Nothing is created in the financial system in such a transaction – it’s pretty much the equivalent of moving stuff from one’s right pocket to their left one.
The reason the Fed continues these asset swaps is seemingly because of the incorrect mainstream belief that new money is created in the economy by banks loaning out bank reserves.
Banks do not loan out bank reserves, instead, banks create money in the economy ex nihilo .
Now, remember that these fixed income instruments, especially US Treasuries, are what the financial system uses as money. Given this new understanding, is it that surprising a decade of QE has not generated inflation meaningful enough for the Fed to hit its 2% target?

Using the Fed’s preferred inflation indicator, the PCE index (Personal Consumption Expenditure Chain Type Price Index), we can see that inflation has never really consistently come in above the target level of 2%.
Instead, after a promising sustained move higher post ‘08 and into mid 2012, the PCE has only been above 2% for two short stretches, in 2017 and 2018.
Even as bank reserves continue their upward trajectory with the Fed’s endless QE, inflation as measured by the PCE is stuck in a downtrend that began pre-2008.

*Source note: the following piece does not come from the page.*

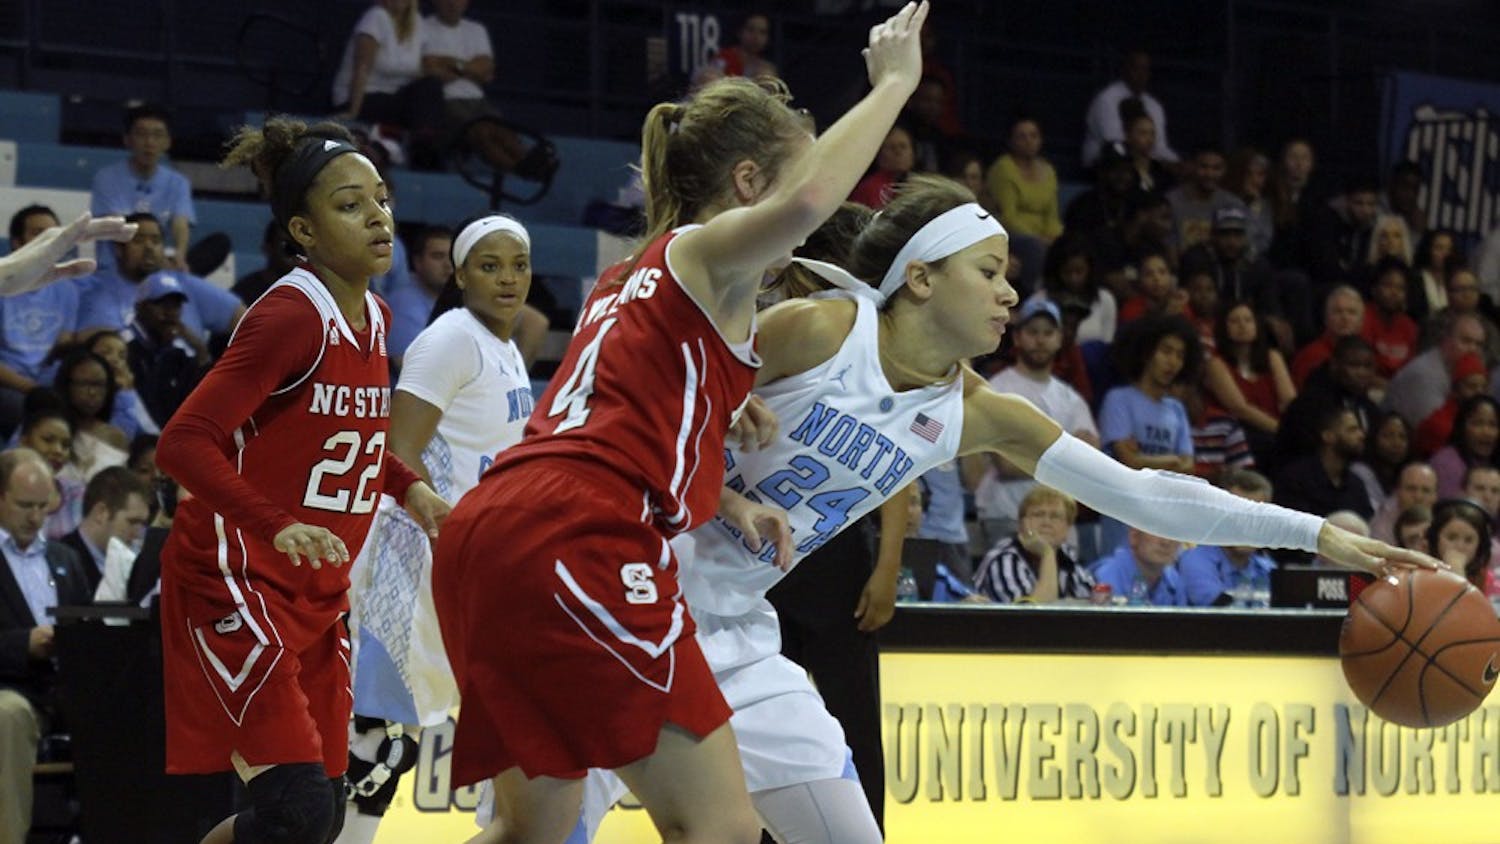 The UNC women's basketball team defeated NC State 72 to 56 Sunday in Carmichael Arena.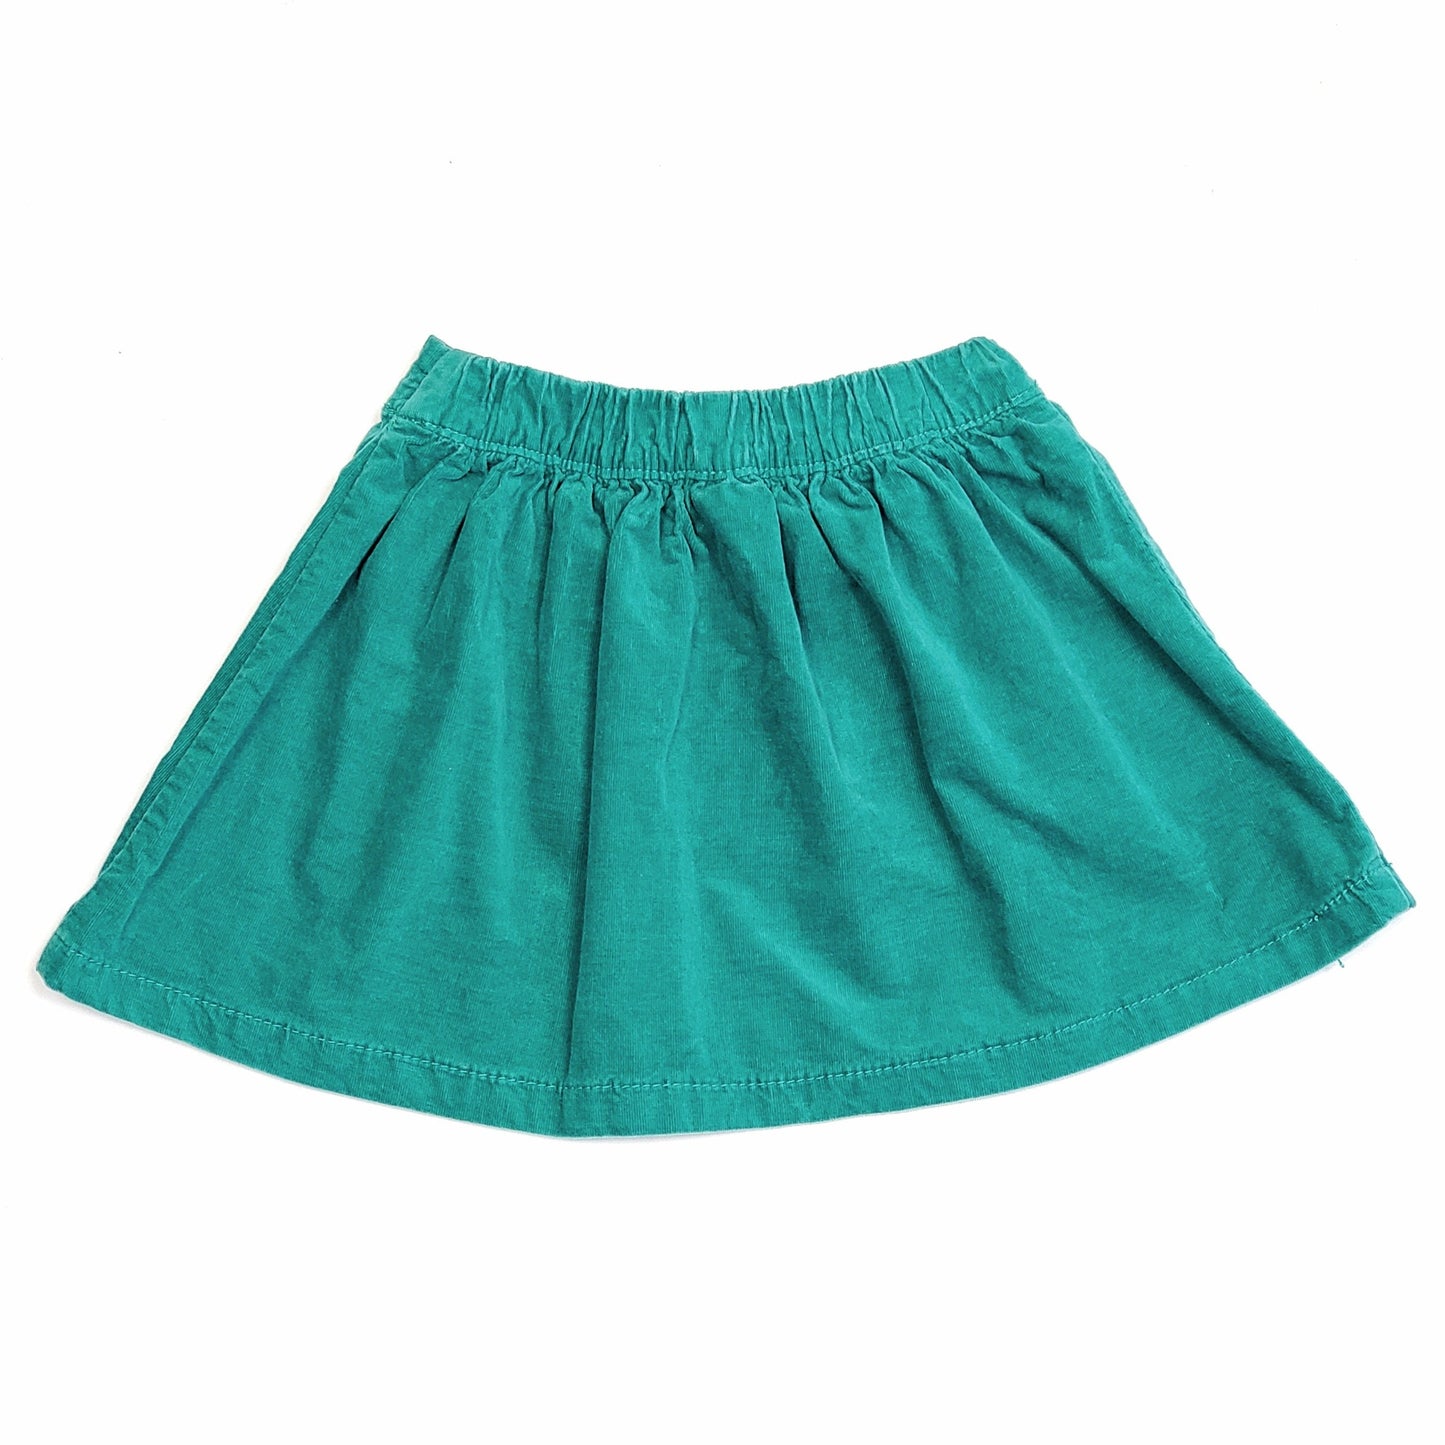 Carters Girls Green Corduroy Skirt 5T Used View 2

Clearly ever more bank reserves are not the answer to the US economy’s problems, which begs the question: How can there be meaningful inflation as long as global central banks cling to QE as their savior?
Note: If “money”, what constitutes “money”, and how it is used and moved around the economy and financial system is a topic that interests you, it is well worth doing extensive further research. It will not take long before you realize that money is a much more intangible concept than the vast majority of people think it to be.